Understanding the PPPFA Price Evaluation Formula
Under PPPFA, tenders above R200,000 use a points system where price contributes 80 points (80/20 system for contracts R200,000-R50 million) or 90 points (90/10 for contracts above R50 million), with B-BBEE contributing the remaining 20 or 10 points. The price score formula is: Ps = 90(1 – (Pt-Pmin)/Pmin) where Pt is your price and Pmin is the lowest compliant bid price.
This means the lowest compliant price always scores 90 (or 80) points. All other prices score proportionally lower. A 10% premium above the lowest price costs approximately 9 price points in the 90/10 system.
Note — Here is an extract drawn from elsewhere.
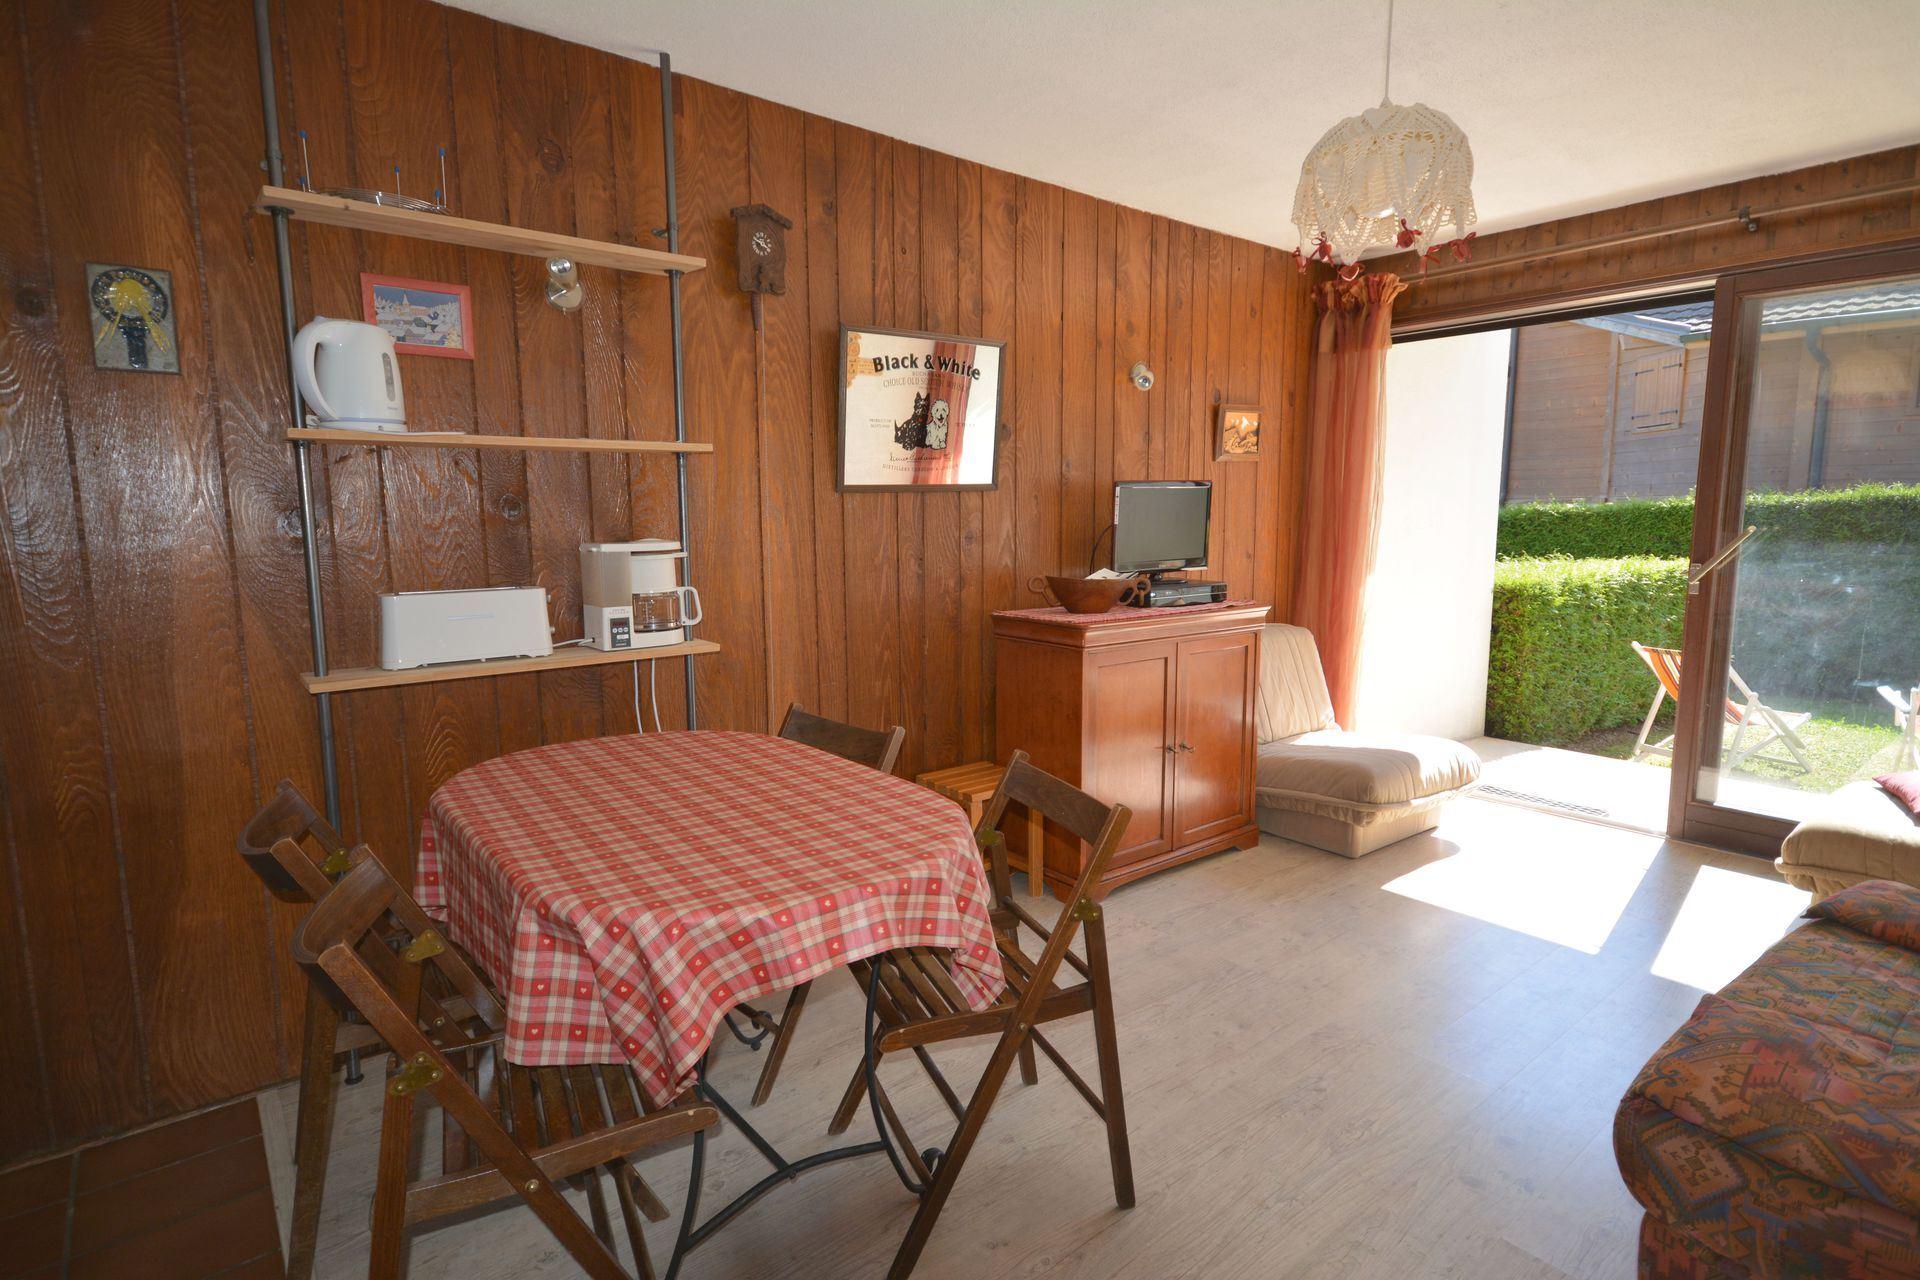 Benevy - AO 2004 - 1 pièce + cabine - 4 personnes - 30m²

Combined B-BBEE points can offset a small price premium — a Level 1 B-BBEE company (10 preference points) can afford a larger price premium than a Level 8 company (2 points).
Building Your Tender Price
Build costs from the bottom up: (1) Direct costs — labour (including statutory contributions: UIF, PAYE, WCA), materials at current market prices with 3+ supplier quotes, plant and equipment hire, sub-contractor costs; (2) Indirect costs — site management, facilities, health and safety, preliminaries; (3) Head office overhead — typically 8-15% of direct costs; (4) Risk and contingency — 2-5% for known scope; (5) Profit margin — 5-15% depending on competitive pressure and strategic value.
Always factor in the cost of working capital during government's payment lag. If invoices take 45-60 days to be paid (despite the PFMA 30-day rule), you bear the financing cost of materials and labour for that period. This cost should be included in your overhead or as a separate line item in your pricing structure.
- Get 3+ supplier quotes for all major materials and sub-contracted work
- Use current labour rates per the applicable Bargaining Council
- Include all statutory costs — UIF, Skills Development Levy, COIDA
- Factor in 45-60 day payment lag as a working capital cost
- Never price below your full cost — contract failure is far more costly than not winning
Competitive Pricing Strategy
After calculating your cost-based price, assess competitiveness. Review previously awarded contract values published in the Government Gazette and on etenders.gov.za to benchmark against historical awards in your category. Consider your B-BBEE level relative to likely competitors — a Level 1 company can price higher and still win on combined score.
If your cost analysis shows the contract cannot be delivered profitably at competitive prices, either identify delivery innovations that reduce costs, or consider not bidding. Many businesses have gone into financial distress by winning tenders they cannot deliver profitably. Better to decline an unviable tender than to accept it, fail to deliver, and face penalties, blacklisting, and reputational damage.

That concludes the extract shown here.